=== Activity ===
Within the listing that follows, reproduce exactly the lines starting at the line with "Increíble arte de" and ending at the line with "Cumulo di ravanello", inclusive, and only those. Pictures are dropped.
Record extracts below:
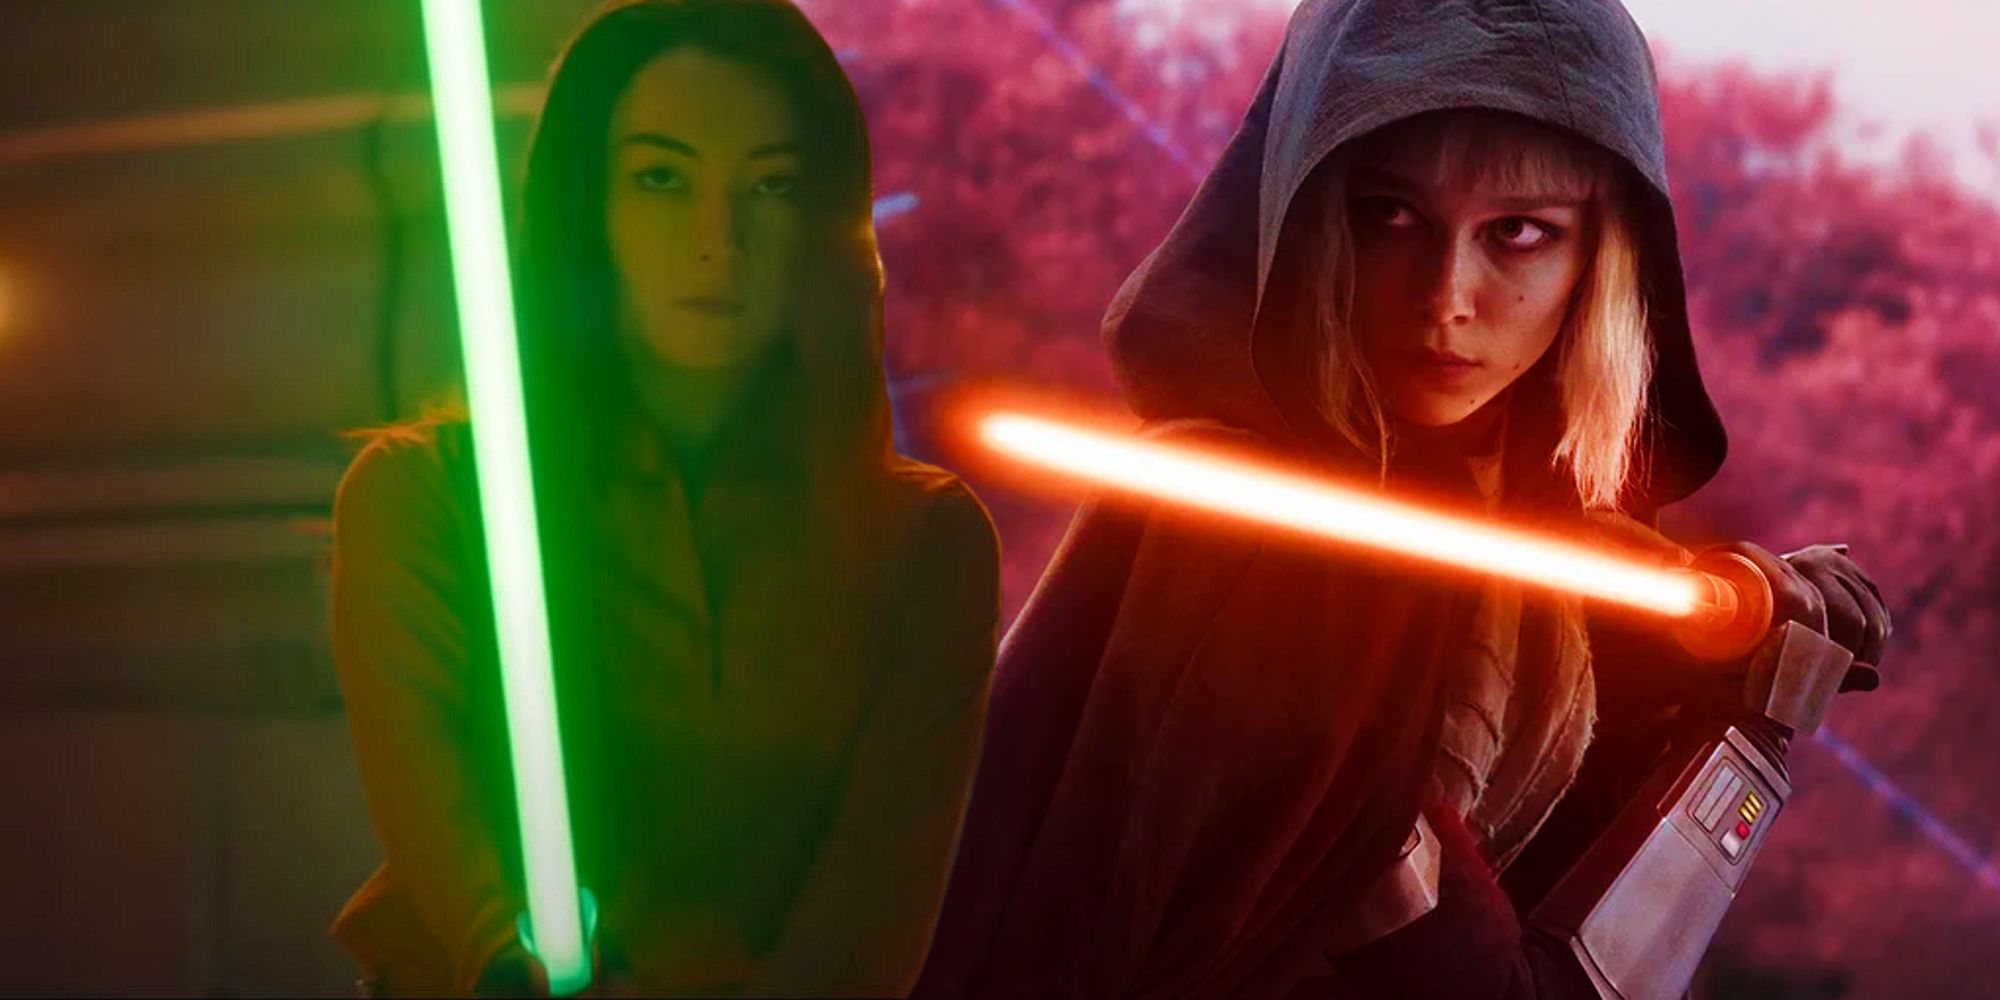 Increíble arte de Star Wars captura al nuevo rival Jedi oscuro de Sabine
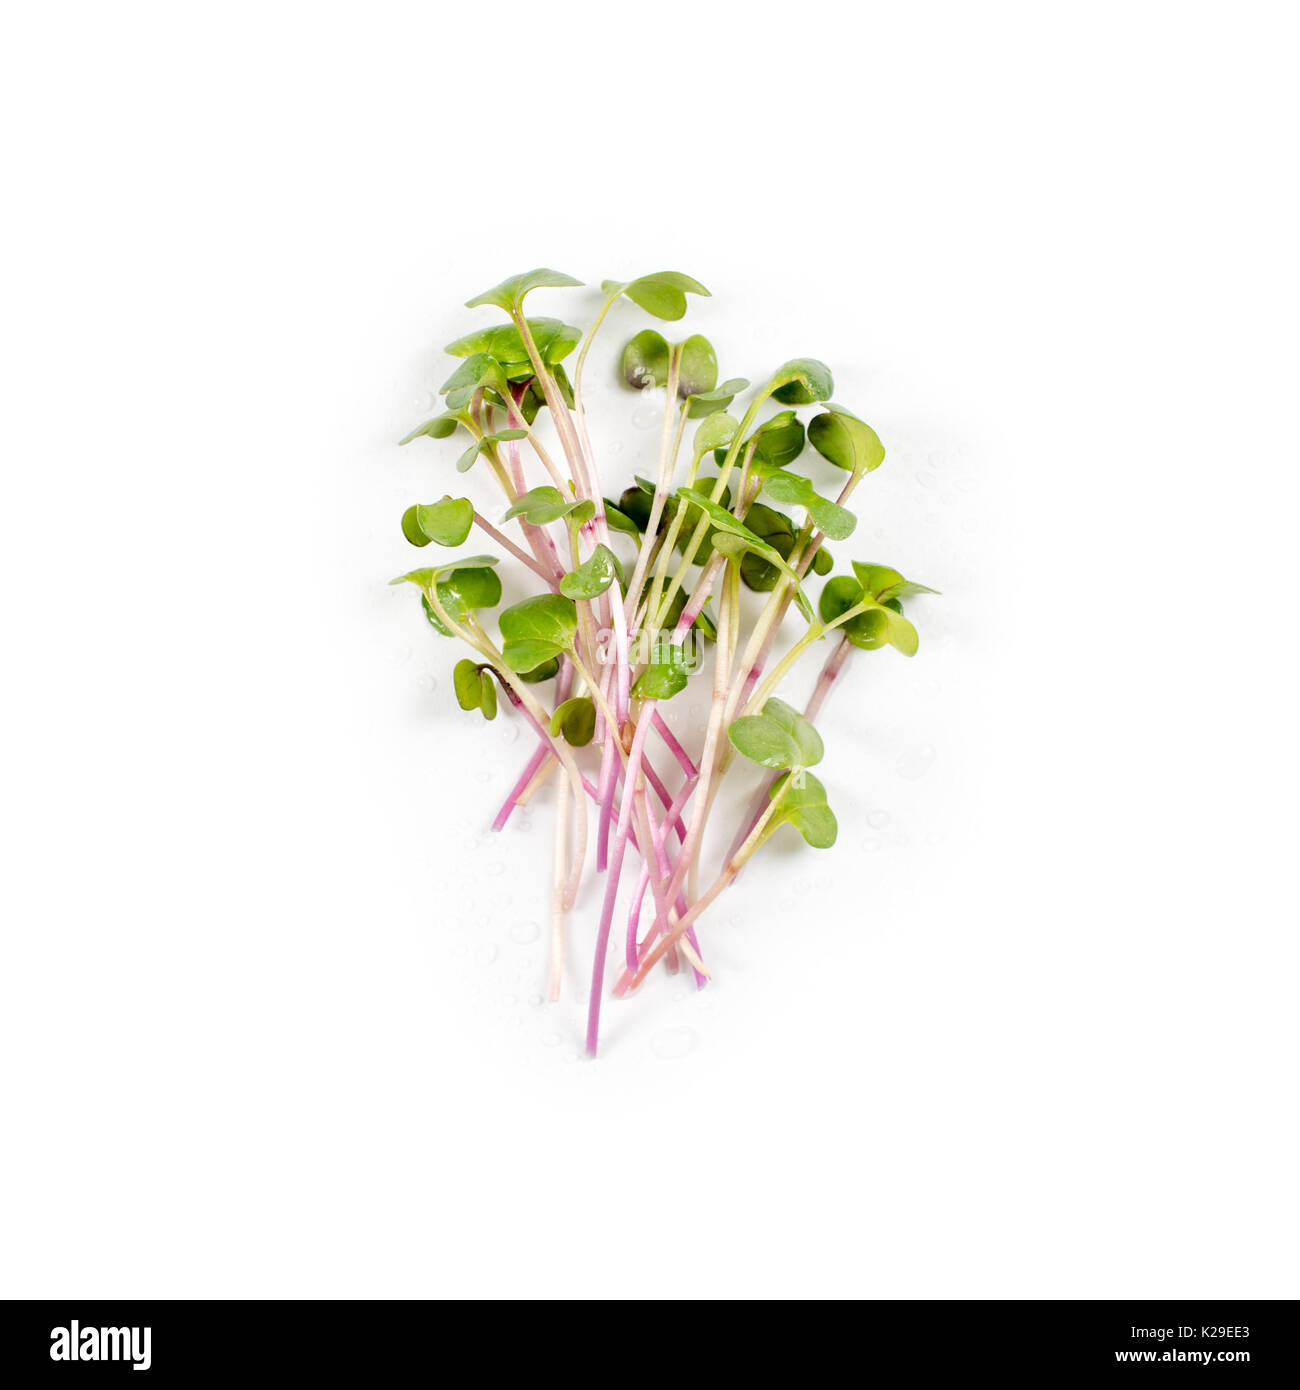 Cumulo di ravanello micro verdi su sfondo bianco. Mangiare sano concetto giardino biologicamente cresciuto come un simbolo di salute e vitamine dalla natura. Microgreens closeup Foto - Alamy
End of Record extracts.
Record extracts below:
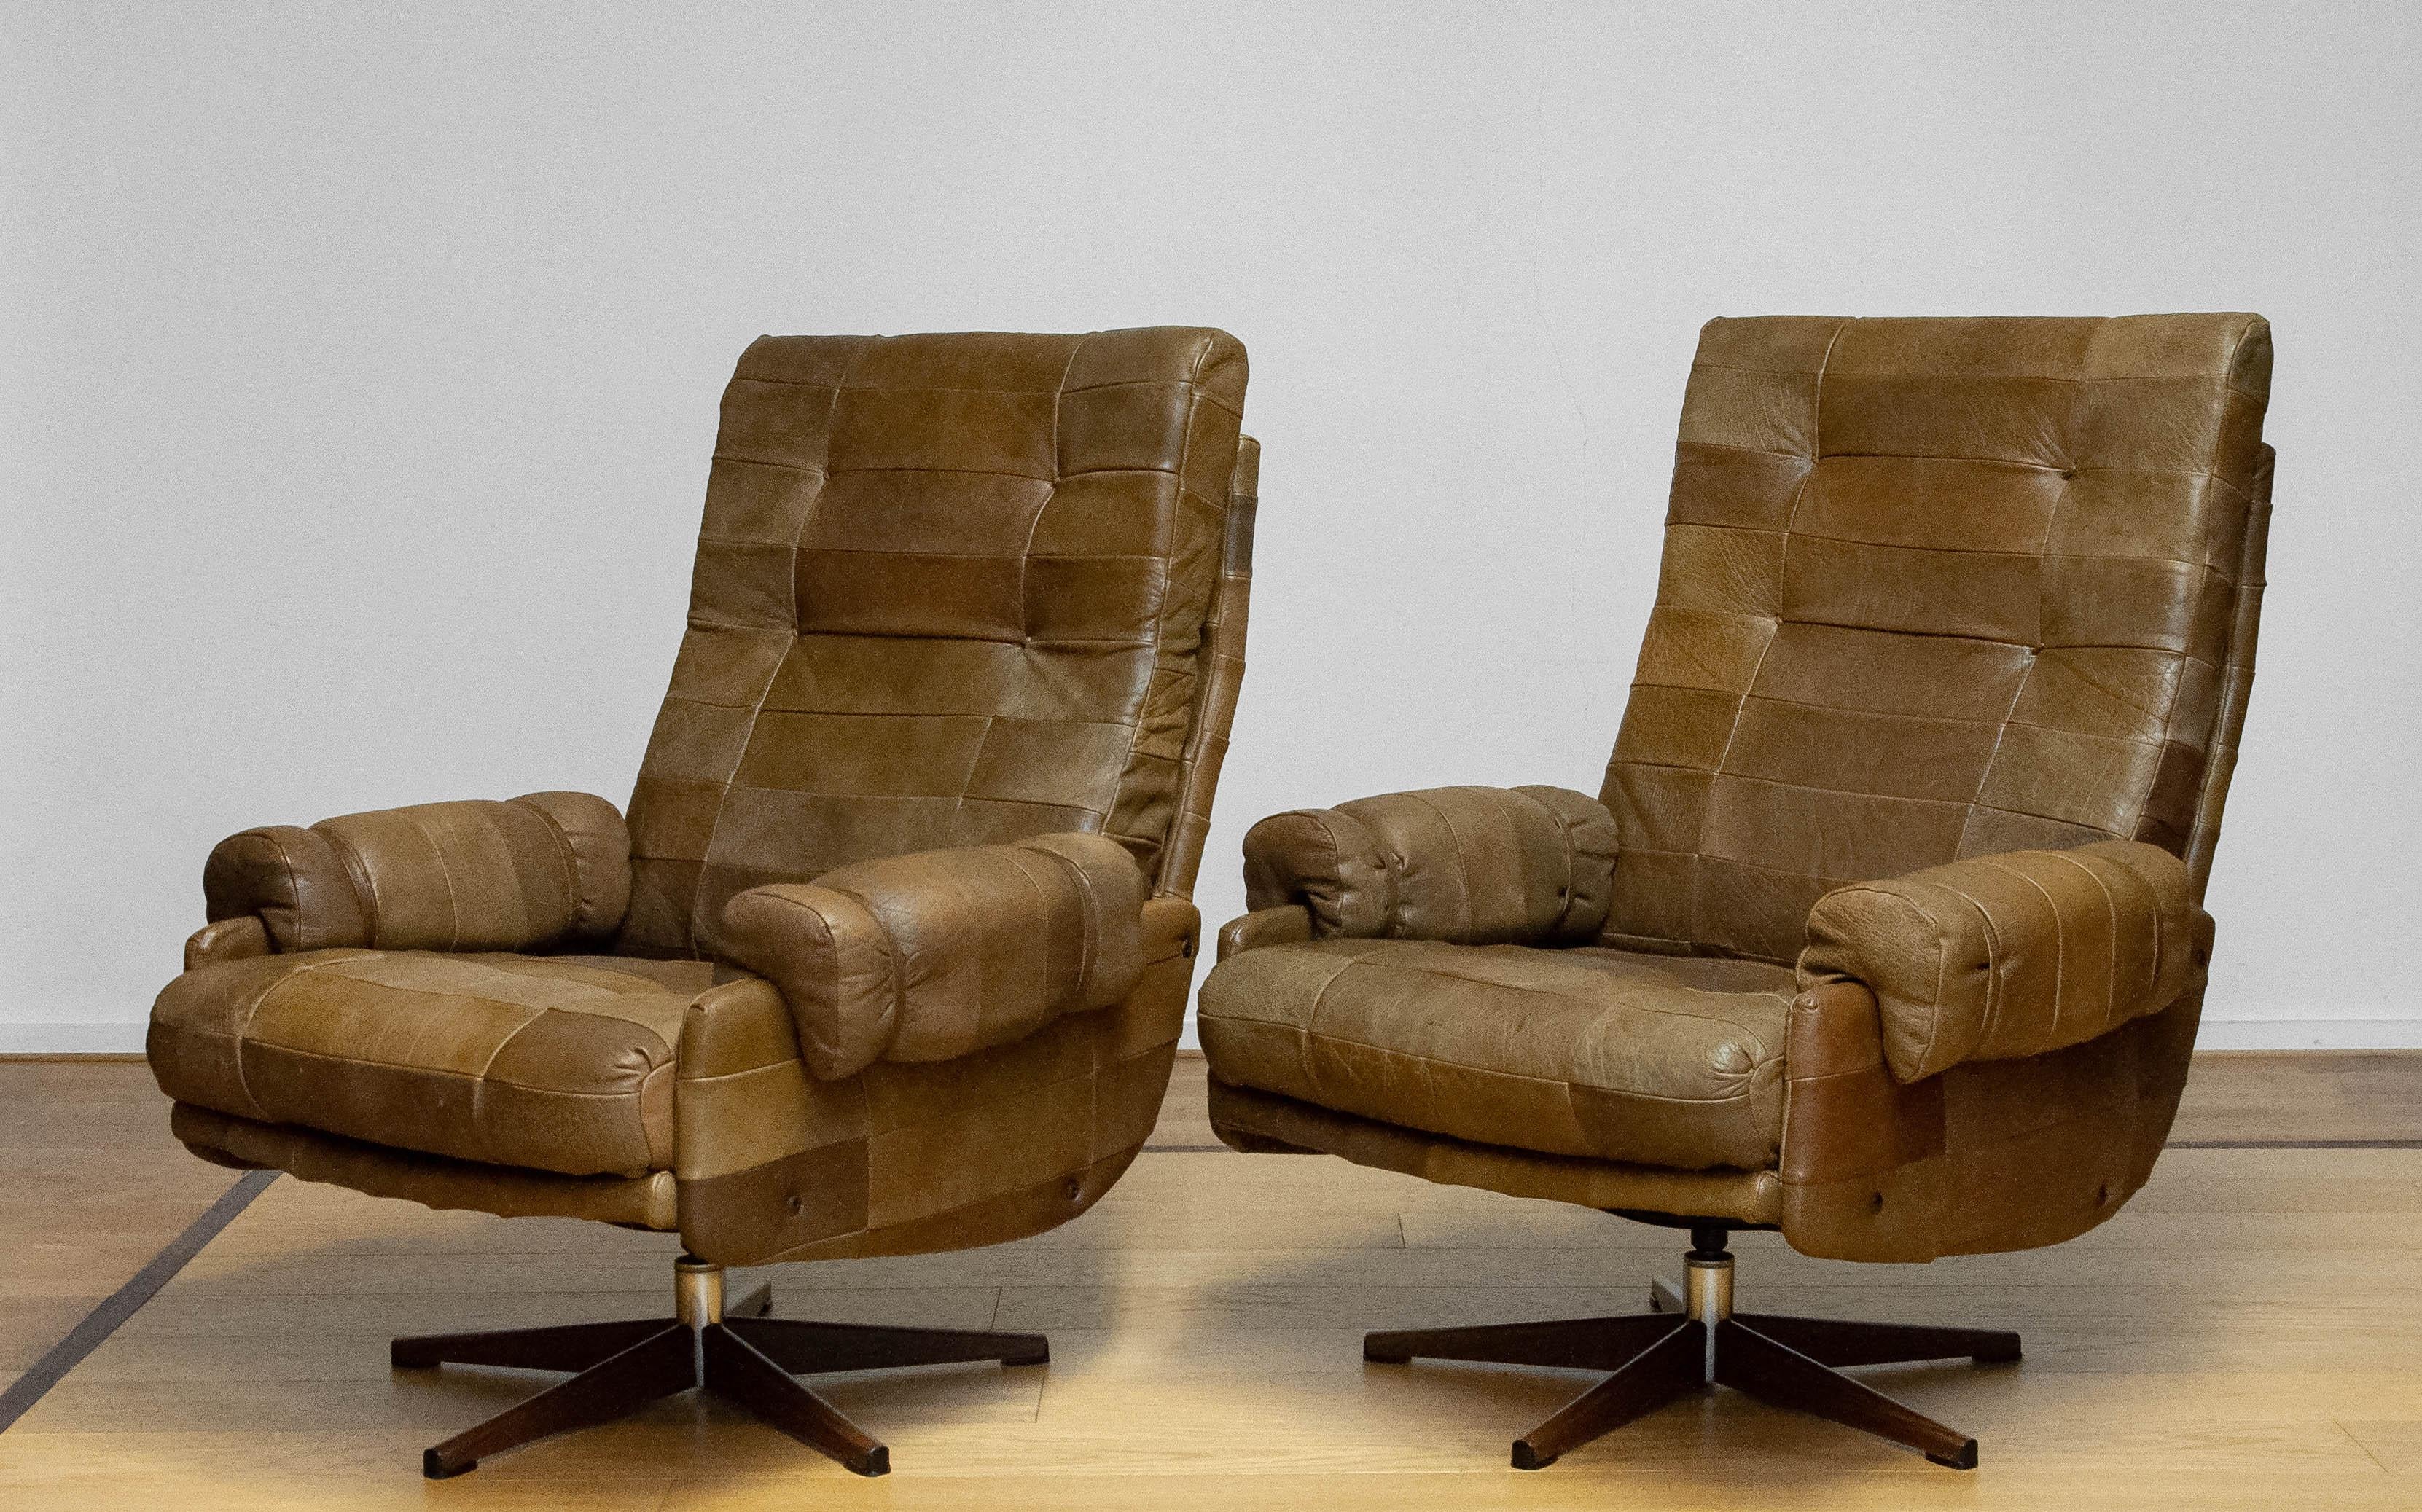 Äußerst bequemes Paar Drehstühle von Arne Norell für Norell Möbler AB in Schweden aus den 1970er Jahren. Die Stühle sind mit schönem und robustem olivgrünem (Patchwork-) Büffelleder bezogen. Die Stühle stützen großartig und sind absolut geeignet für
End of Record extracts.
=== Response to this task ===
 Increíble arte de Star Wars captura al nuevo rival Jedi oscuro de Sabine
 Cumulo di ravanello micro verdi su sfondo bianco. Mangiare sano concetto giardino biologicamente cresciuto come un simbolo di salute e vitamine dalla natura. Microgreens closeup Foto - Alamy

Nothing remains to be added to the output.